## Description of the task
The records below are to be set down word for word, with every picture left out.
[Start of Attachment]
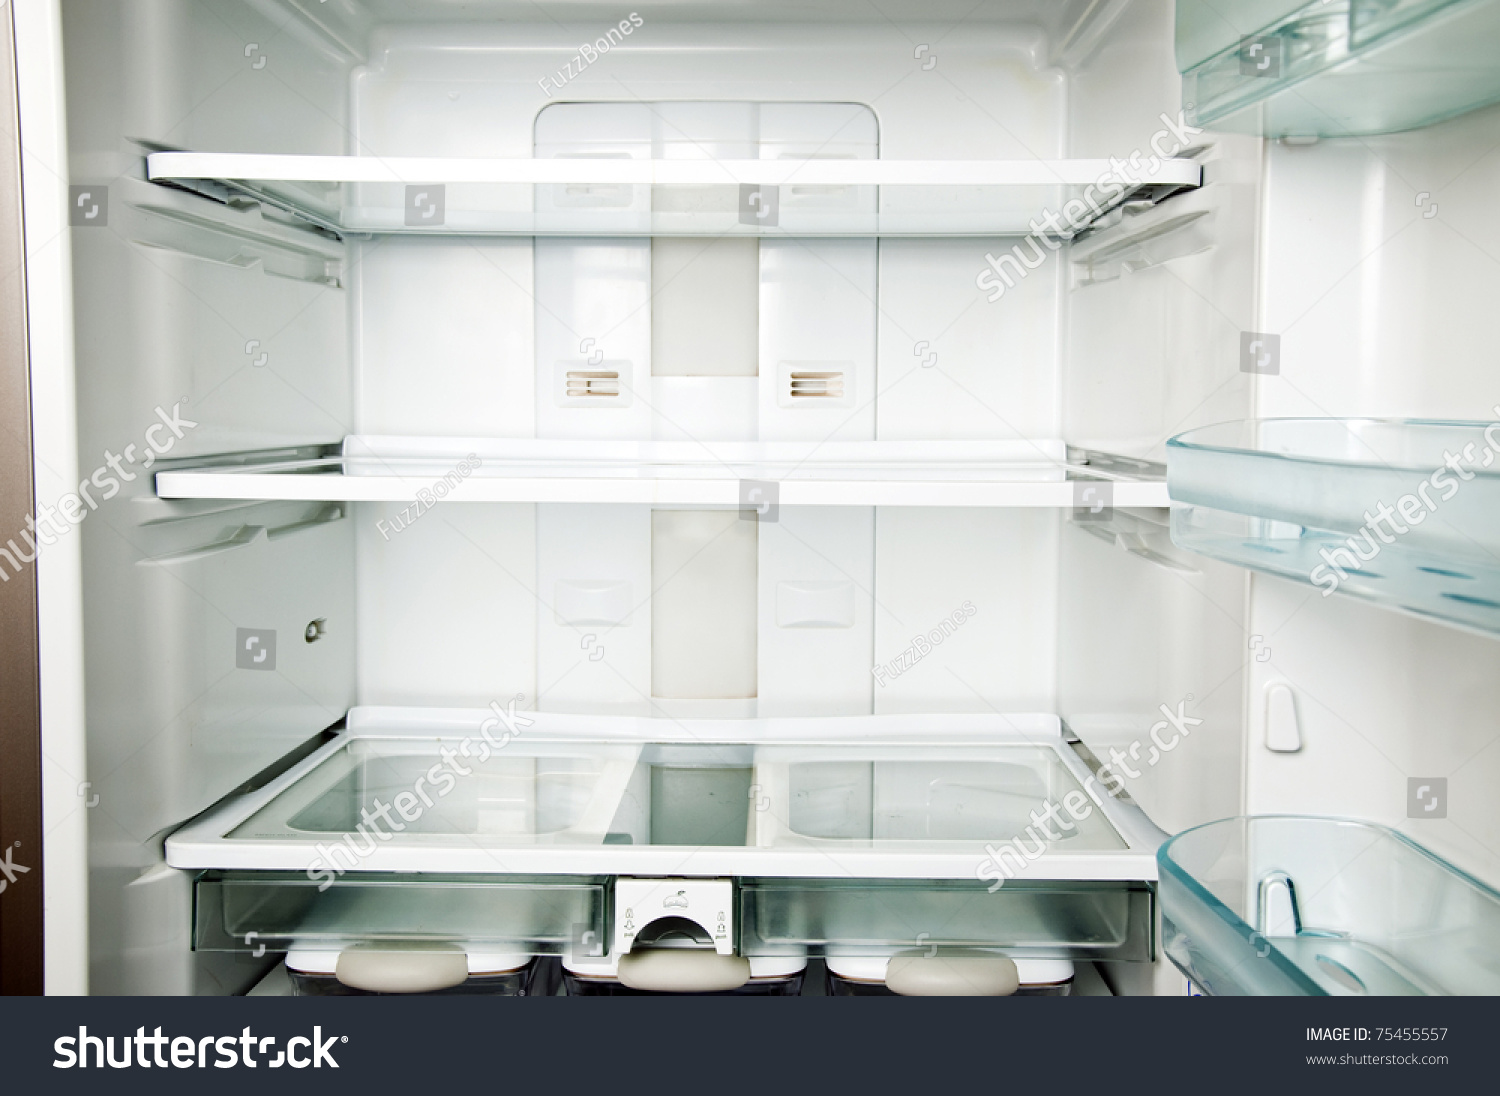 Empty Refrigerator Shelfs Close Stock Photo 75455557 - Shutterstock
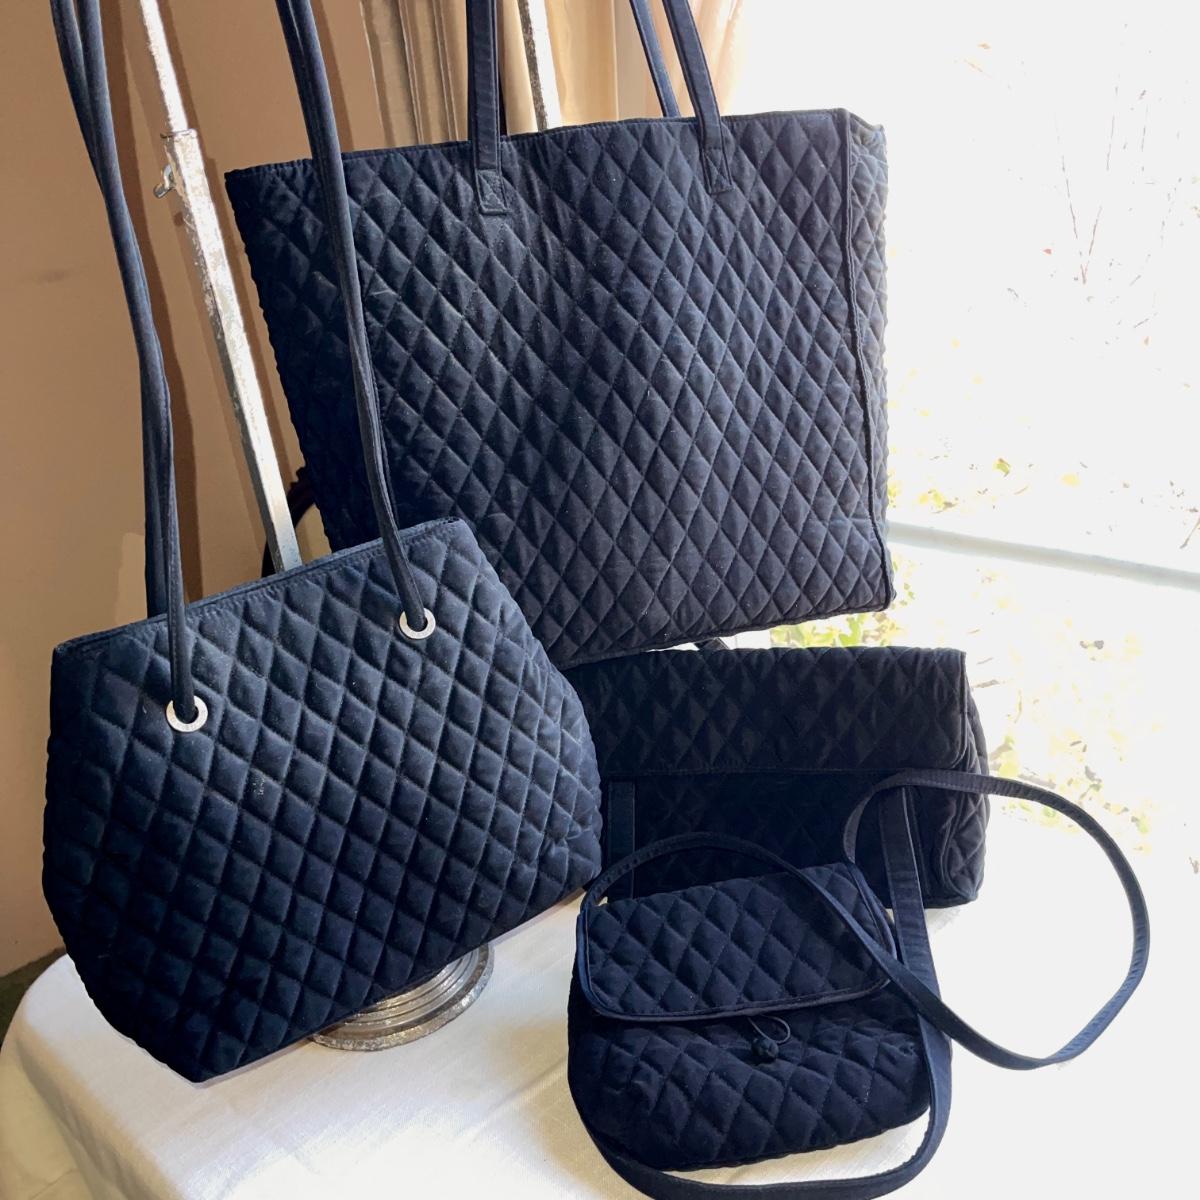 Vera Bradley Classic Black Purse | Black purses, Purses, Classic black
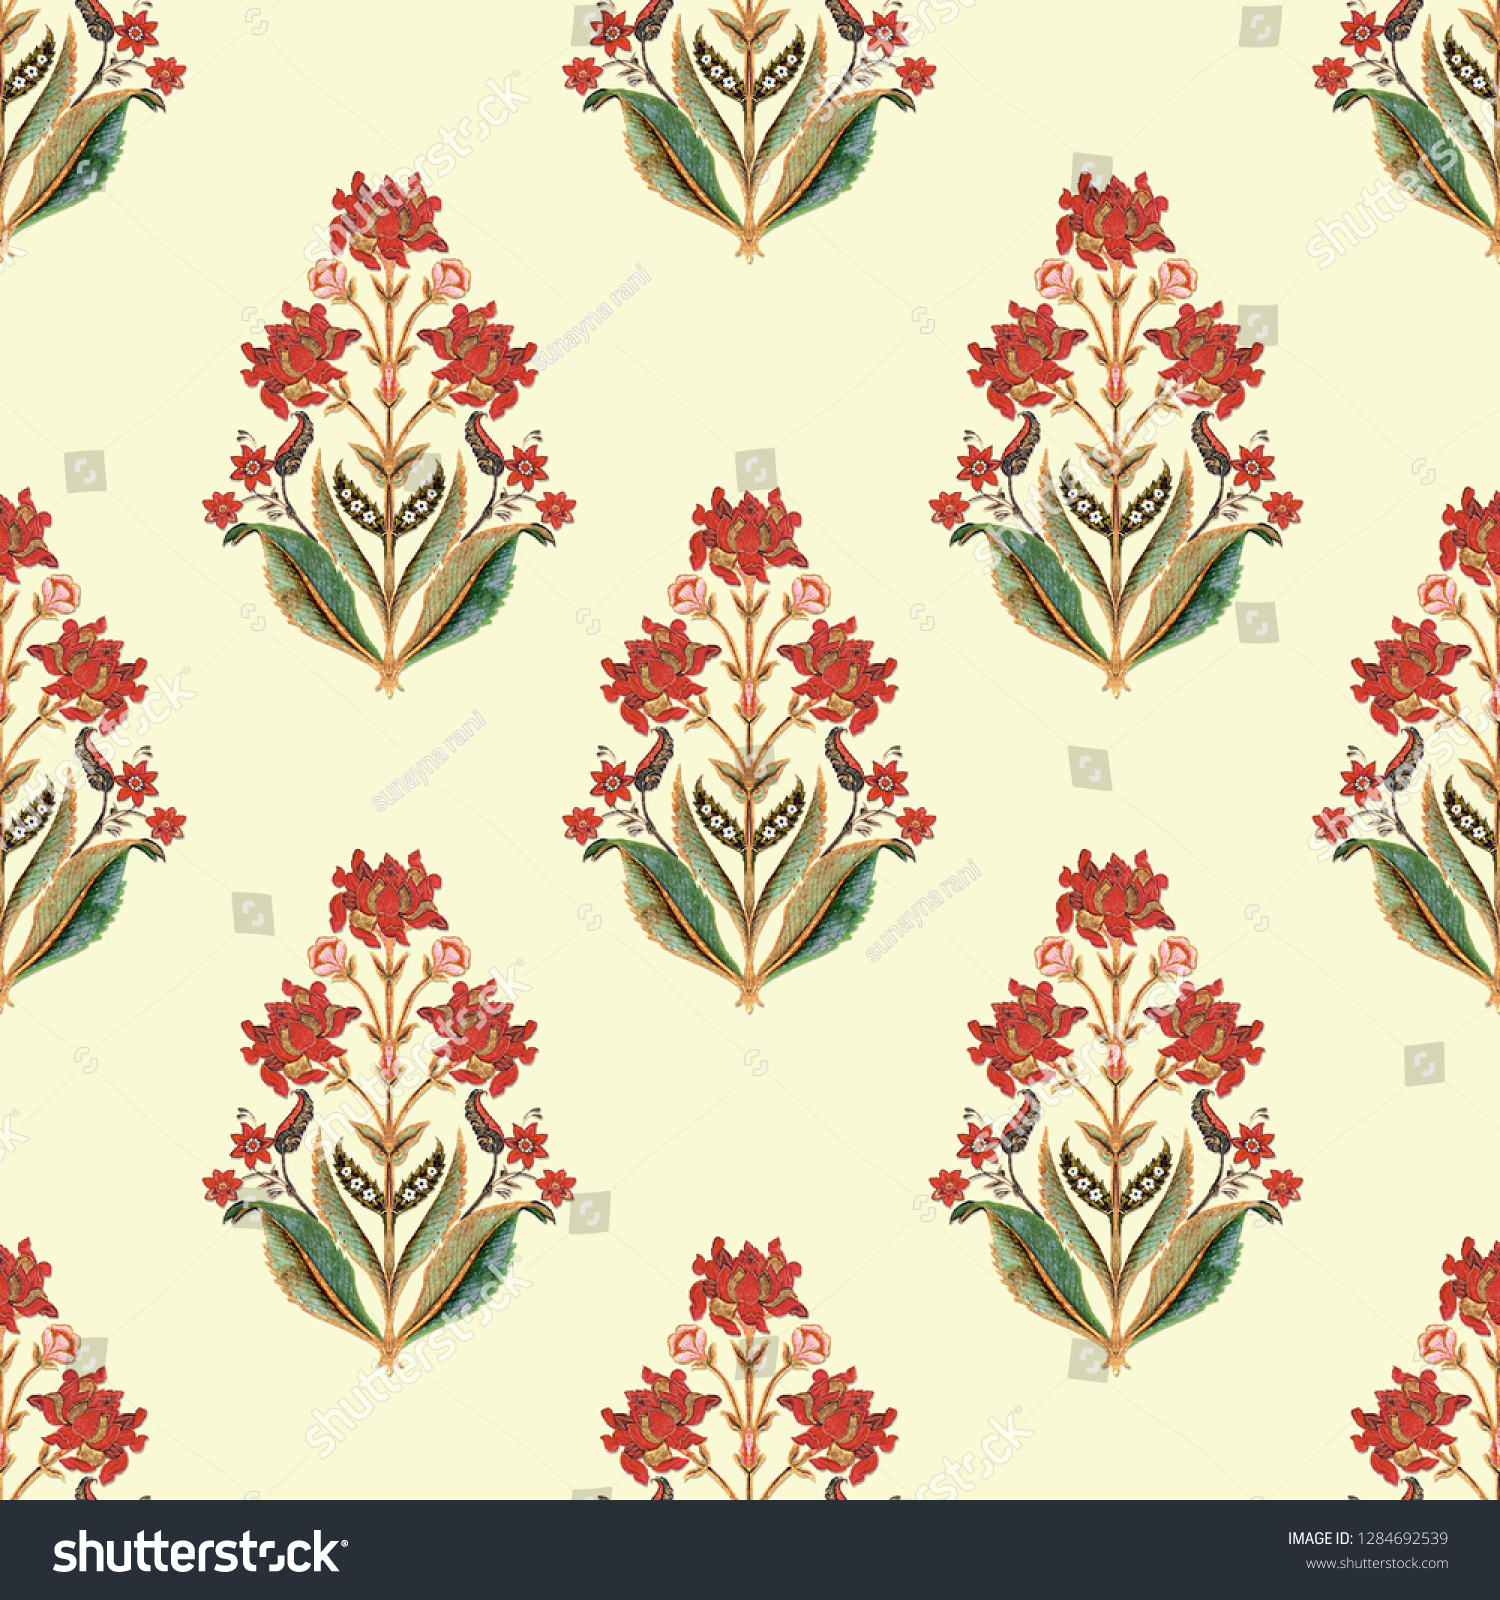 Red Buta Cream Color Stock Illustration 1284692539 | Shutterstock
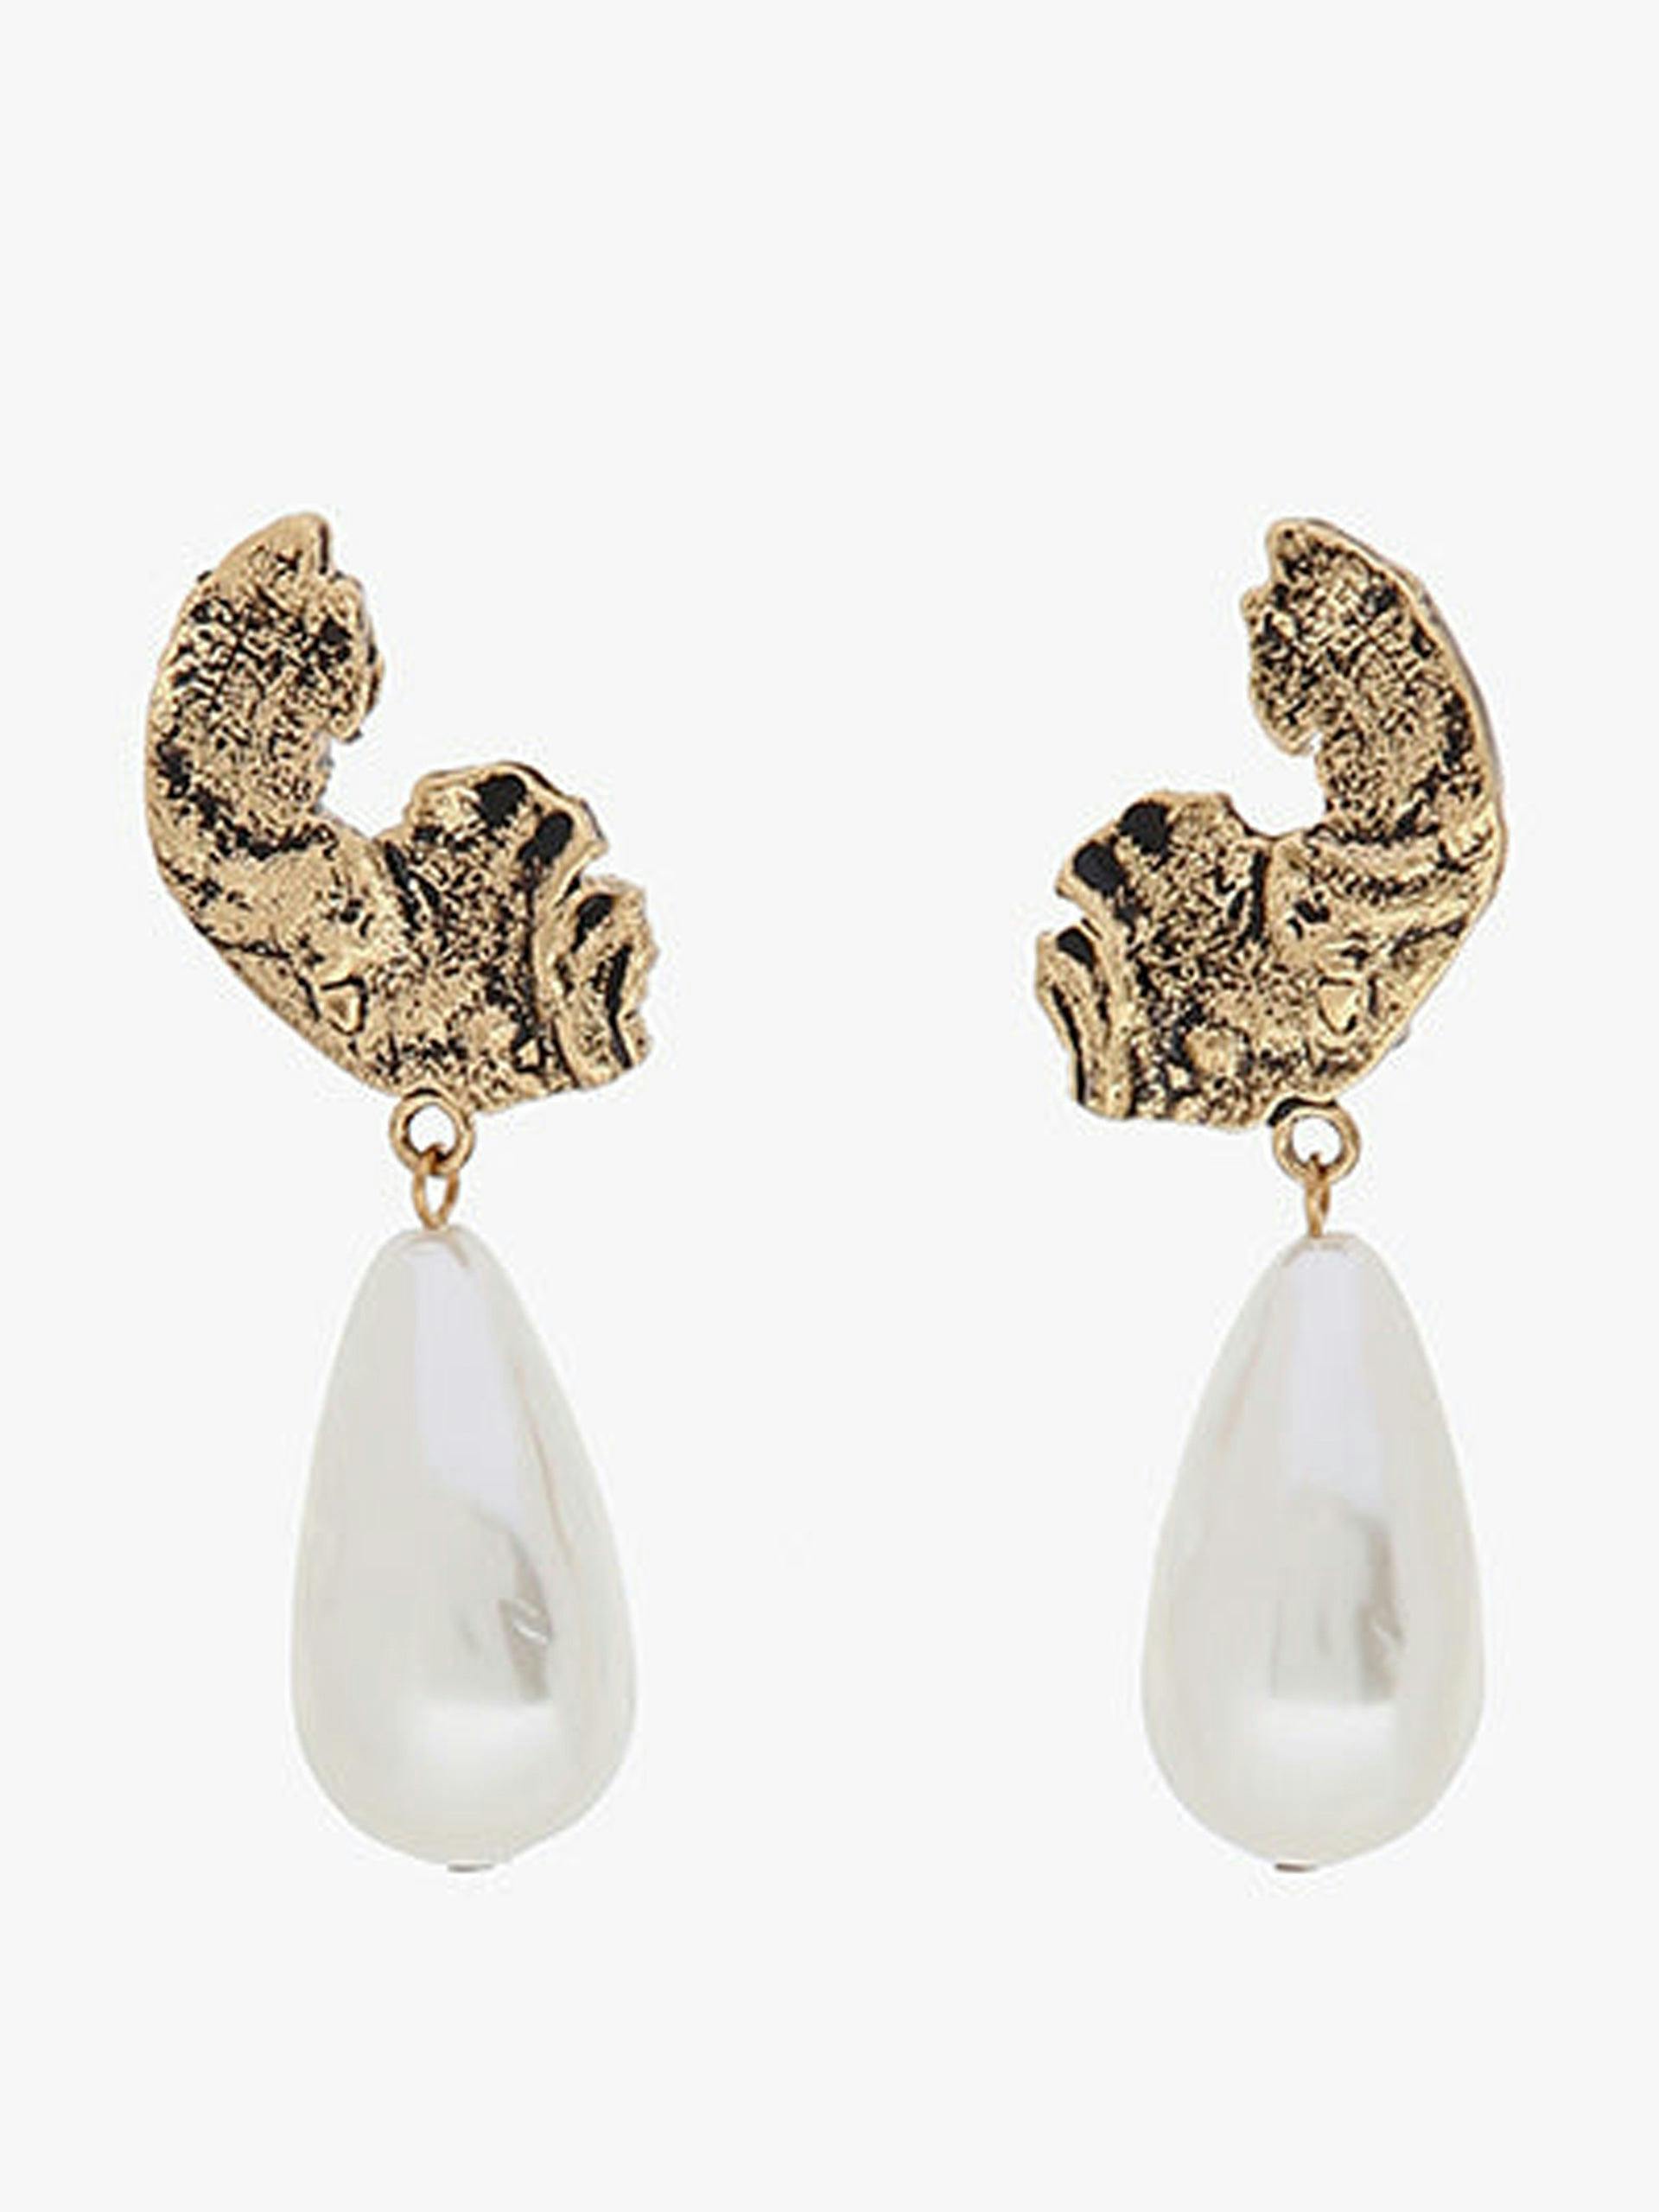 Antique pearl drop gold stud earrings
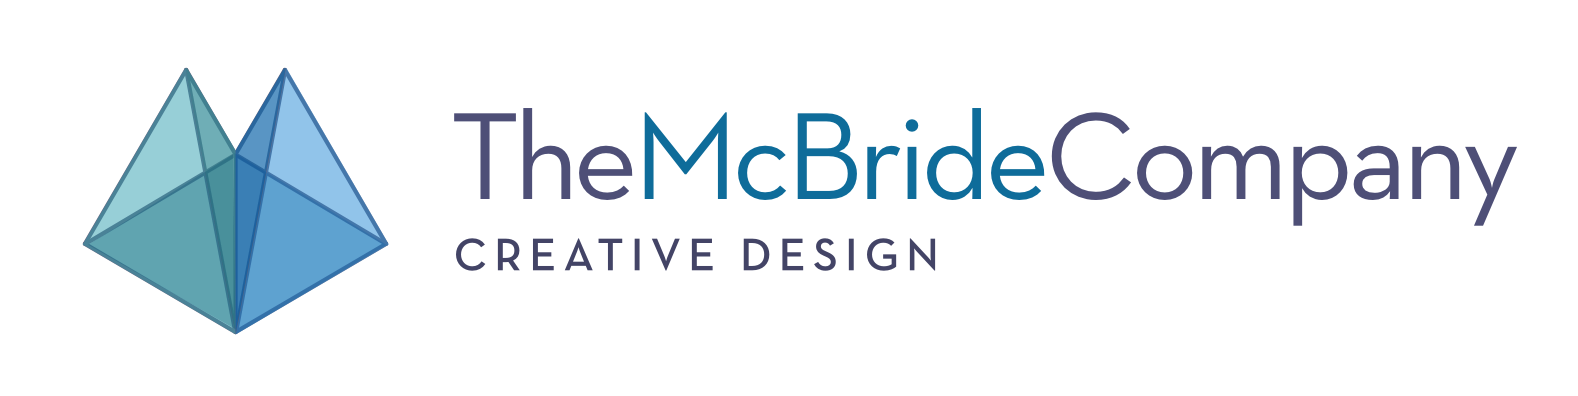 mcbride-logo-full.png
[End of Attachment]
## Output of the task
 Empty Refrigerator Shelfs Close Stock Photo 75455557 - Shutterstock
 Vera Bradley Classic Black Purse | Black purses, Purses, Classic black
 Red Buta Cream Color Stock Illustration 1284692539 | Shutterstock
 Antique pearl drop gold stud earrings
 mcbride-logo-full.png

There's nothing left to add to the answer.